Бартоломе остался один. Он был поражен тем, что услышал от командора. Образ дона Кристобаля, созданный много лет назад пылкой фантазией юности, до сих пор сохранился в его душе. Бартоломе вспомнил долгие вечера в Саламанке, когда они с Мигелем просиживали над картами, с упоением прокладывая пути в неведомые страны. И всегда кормчим их каравелл был Кристобаль Колон…
Посетив больного, дон Пеньялоса присоединился к мнению врача Хосе де Монтеса, старого друга семьи Лас-Касасов, что положение дона Франсиско внушает опасения.
— Я настаиваю давно, — говорил врач, — и прошу показать дона Франсиско знаменитому Габриелю де Акосте. Он прославился как искусный врач далеко за пределами Кордовы. Это гордость Испании. Надо просить дона Акосту приехать в Севилью. Я уверен, что он не откажет.
— Неужели состояние отца безнадежно? — с ужасом спросил Бартоломе.
— Я не хочу пугать вас, но дон Франсиско слабеет с каждым днем. Кроме лихорадки, привезенной из Индии, его мучают старые раны. Мои познания бессильны ему помочь.
В этот же день вечером Бартоломе верхом на Гермесе выехал в Кордову. За ним следовала карета для дона Акосты. Бартоломе был уверен, что уговорит старого врача поехать в Севилью.
Прощаясь с Алонсо, Бартоломе сказал:
— Я скоро вернусь. Прошу тебя, не оставляй отца одного. Он любит тебя как сына, и только ты можешь отвлечь его от печальных мыслей. Береги его, Алонсо!
— Не надо просить меня об этом, Бартоломе. Я сам люблю дона Франсиско как родного отца.

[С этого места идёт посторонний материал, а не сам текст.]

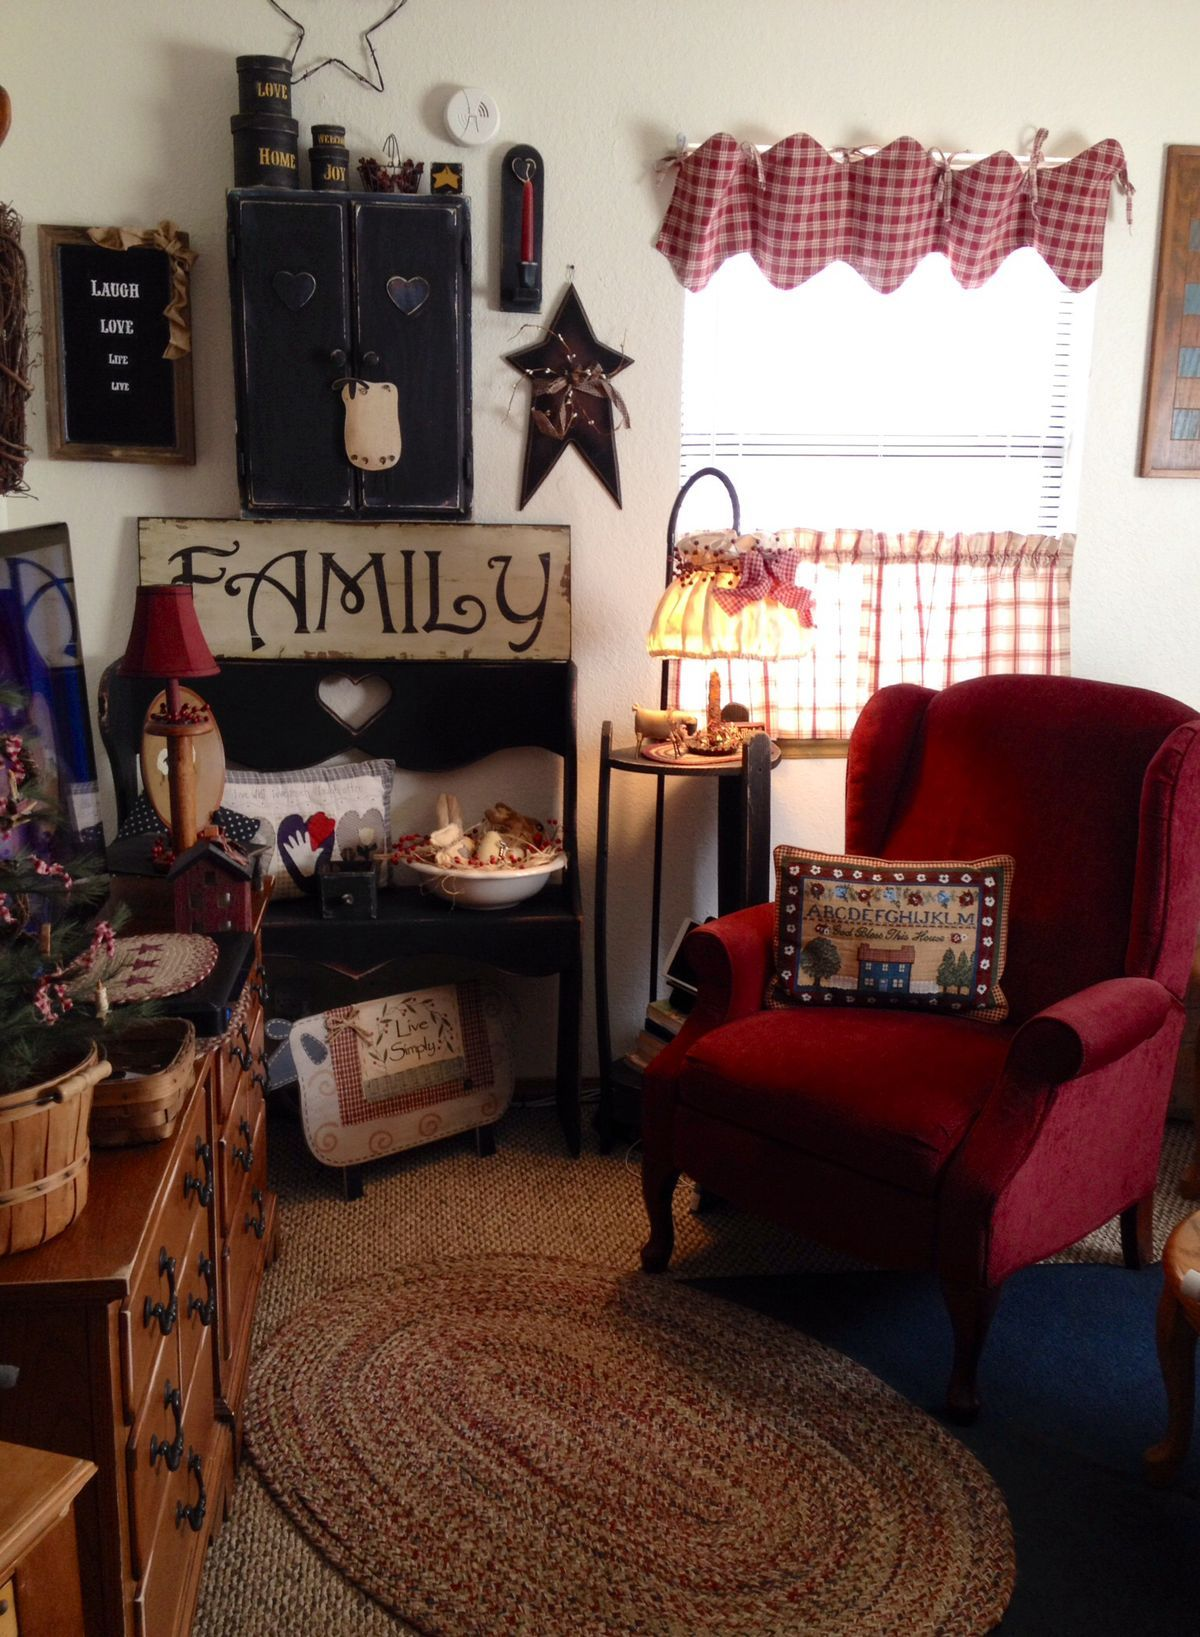 13ea503c868beb4bff5d2b5627dc43cc 1,200×1,637 Pixels | Primitive |  Pinterest | Primitives, Primitive Living Room And Country Decor Part 62

Уезжай спокойно, я день и ночь буду подле него.
Окна комнаты, где лежал дон Франсиско, выходили на реку, в сад. Легкий ветерок колыхал пестрые восточные занавески. Чтобы заглушить тяжелый запах лекарств, в большом серебряном сосуде курились ароматные смолы, привезенные из Индии. На маленьком низком столике у изголовья всегда стояли свежие розы.
На стене висел большой портрет покойной матери Бартоломе, прекрасной доньи Беатрис, памяти которой старый кабальеро остался верен всю жизнь.
— Ты пришел поскучать с больным, мой мальчик?
— Что вы, сеньор! Разве беседа с вами может быть скучной? Но, может быть, вам трудно говорить? Не хотите ли сыграть в шахматы?
— Не стоит. Лучше поговорим… Ты очень привязан к моему сыну, Алонсо?
— О да, сеньор! Я жизнь готов отдать за него.
— Алонсо… я счастлив, что, когда меня не станет, подле Бартоломе будет такой любящий и верный брат, как ты.
— Не надо так говорить, сеньор! Вы еще долго не покинете нас!